A estrutura vertical e centralizada é uma característica do modo de gestão da IURD. A centralização, no entanto, não exclui os conflitos sobre a tradição da IURD que podem ser notados entre o bispo Macedo e seu cunhado, o pastor R. R. Soares, que abandonou a direção da igreja logo em seu princípio (Freston 1992; Fernandes et al. 1998; Mariano 2003).

Os rituais e os símbolos da IURD são construídos de acordo com conveniências específicas. A elaboração do "Salmo 22 da vitória", durante a campanha eleitoral, por exemplo, é um símbolo mobilizador da identidade do bispo no interior da esfera política. Apesar disso, seu sentido está voltado para aqueles que o percebem como bispo, não significando o mesmo para aqueles que o percebem como senador. A retórica persecutória também é um exemplo de um recurso deliberadamente utilizado para dar sentido à prisão do bispo Macedo. Esse recurso foi potencializado, constituindo uma identidade marcada por perseguições para o âmbito coletivo.

A questão que se coloca é: em que sentido Marcelo Crivella pode ser entendido como um empreendedor de identidade, se a mobilização dos instrumentos de formação identitária não voltam seu sentido para a esfera religiosa, e, sim, para a política?

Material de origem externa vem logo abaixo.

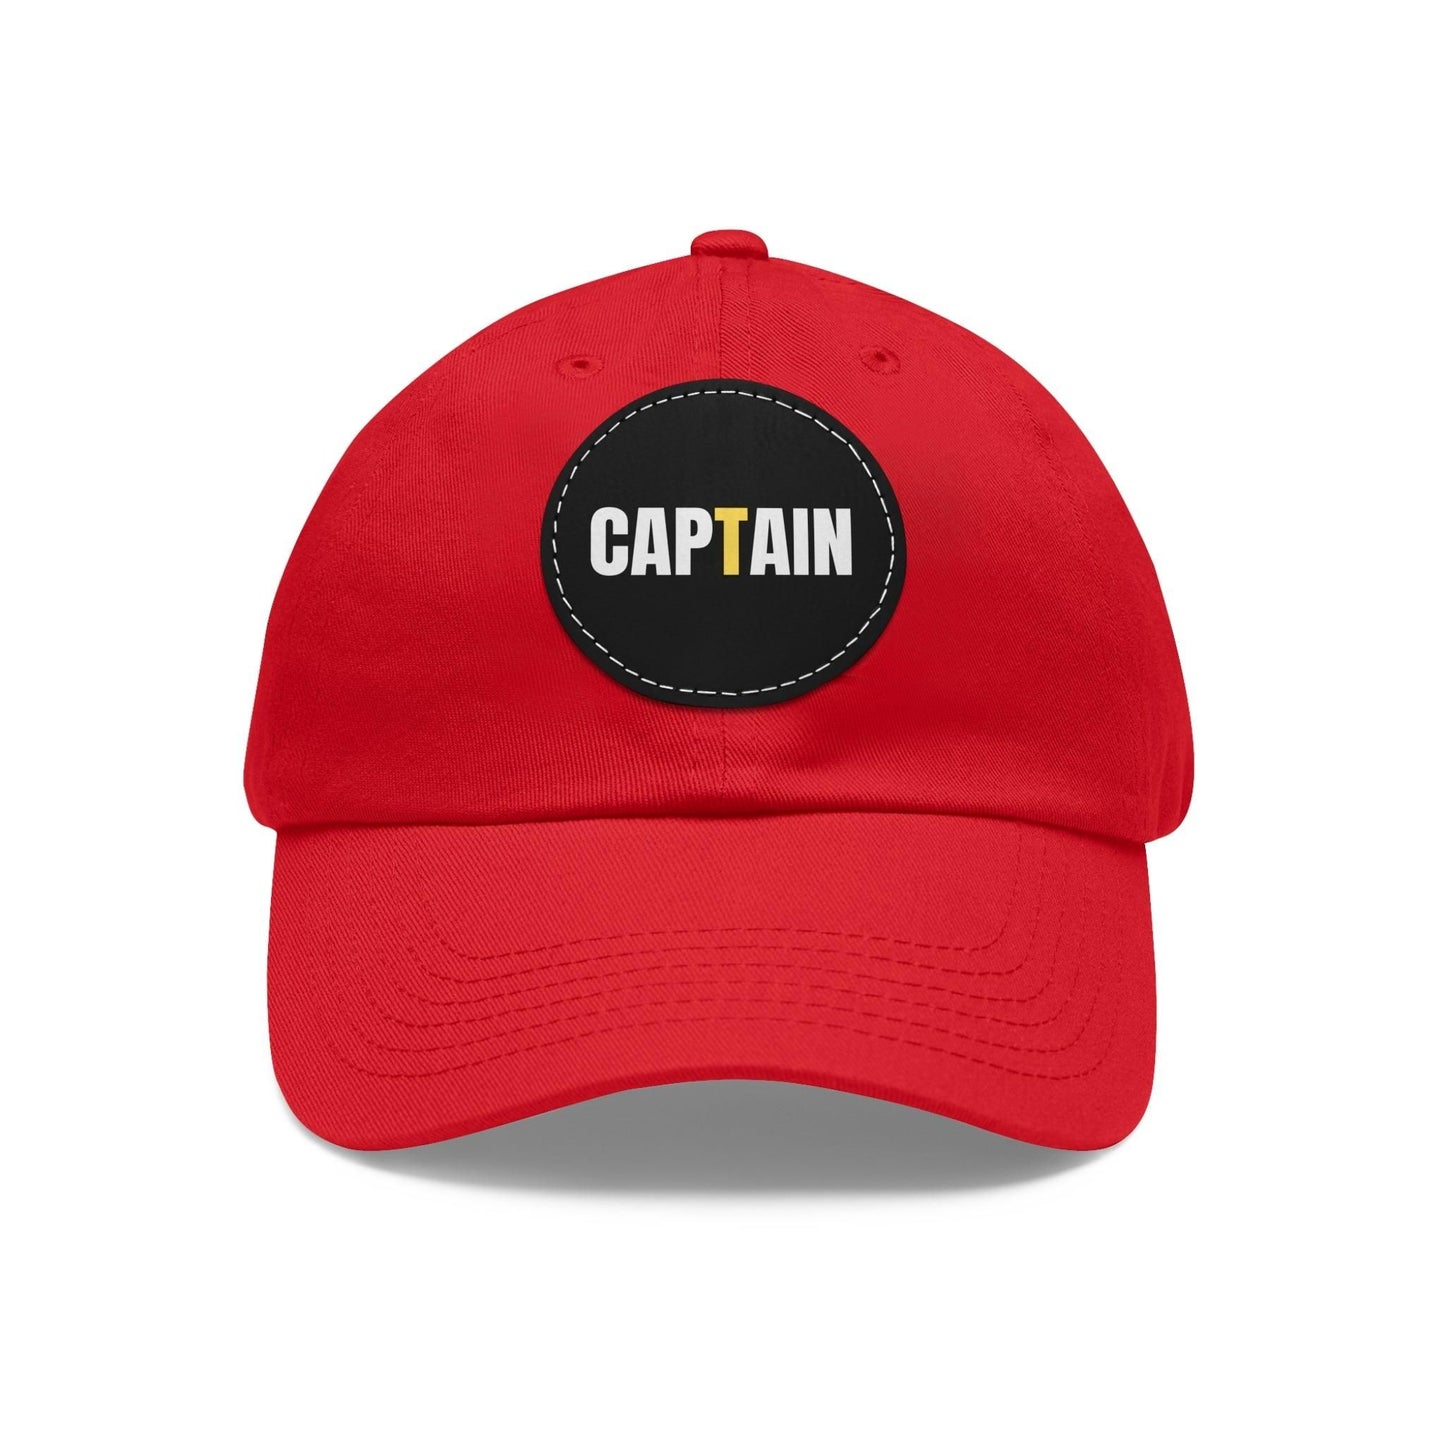 Captain Baseball Hat with Leather Patch Cap Red / Black patch Circle One size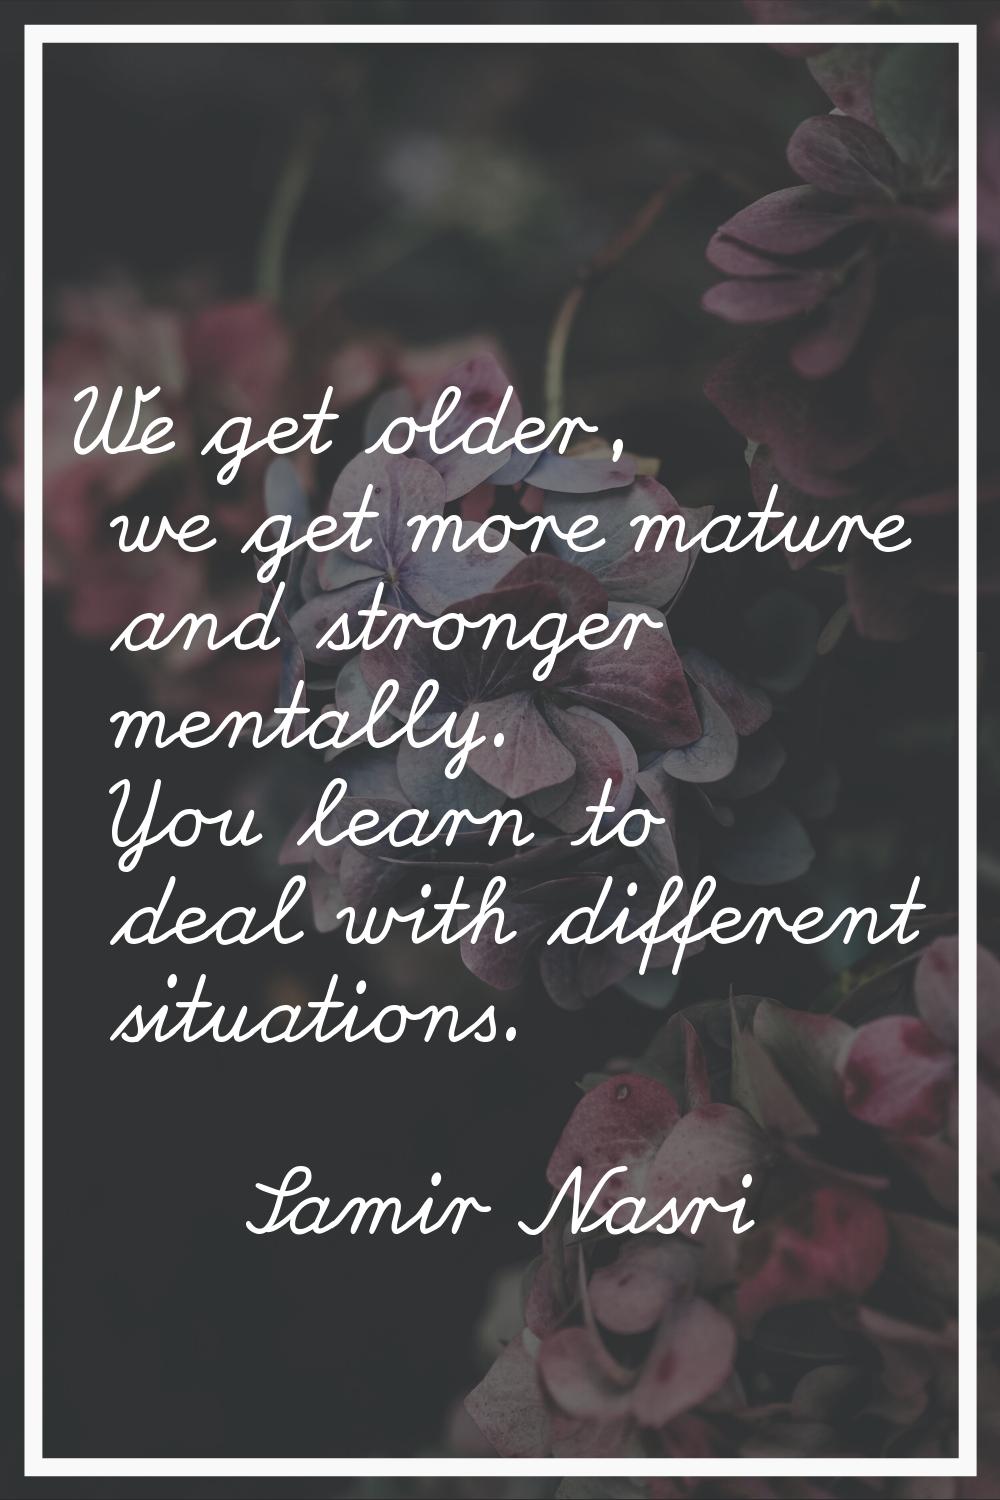 We get older, we get more mature and stronger mentally. You learn to deal with different situations

Não parece que exista uma disputa direta entre Crivella e Macedo, inclusive dos outros empreendedores existentes no grupo. Em outras palavras, não há conflitos entre o empreendimento daquele e o deste. Afirmou-se que a utilização do discurso persecutório não tinha o mesmo sentido para Edir Macedo e Marcelo Crivella, uma vez que ambos o articulam de formas distintas. Além disso, a identidade de perseguido religioso não se transpõe para a esfera política, o sentido é o mesmo dos outros candidatos quando se dizem perseguidos.

Se há uma separação de sentidos específicos em duas esferas semânticas, e Crivella não dirige sua empresa pessoal para a esfera religiosa, então ele é um empreendedor de identidade na esfera política. A manipulação dos instrumentos não visa à ascensão na carreira religiosa, mas na política.

Recorrendo ao discurso da tolerância, ele mobiliza na esfera política uma identidade que não faz sentido para os fiéis iurdianos, mas o faz para aqueles eleitores que não participam dessa confissão religiosa. No que concerne à pertença religiosa, ele é capaz de angariar votos no interior do grupo religioso, que nem sempre são apenas os dos iurdianos, pois, como já constatado, o que lhe interessa é a ascensão política, e não a religiosa. Ao mobilizar esse recurso ele acena para o fato de que os outros empreendedores concorrentes, os outros candidatos, também podem lançar mão desse artifício para angariar mais votos. Sua ação estimula e cria uma forma de fazer política, fazendo com que os outros candidatos disputem esse público específico com uma identidade pontual.

Cindindo as duas esferas semânticas que se cruzam constantemente, percebe-se que sua ação está voltada para o campo político. O "Salmo 22 da vitória" não nasce na arena religiosa e transpõe-se para a política: o sentido de sua gênese é justamente o contrário, pois seu significado aponta em primeiro lugar para a disputa pelo voto.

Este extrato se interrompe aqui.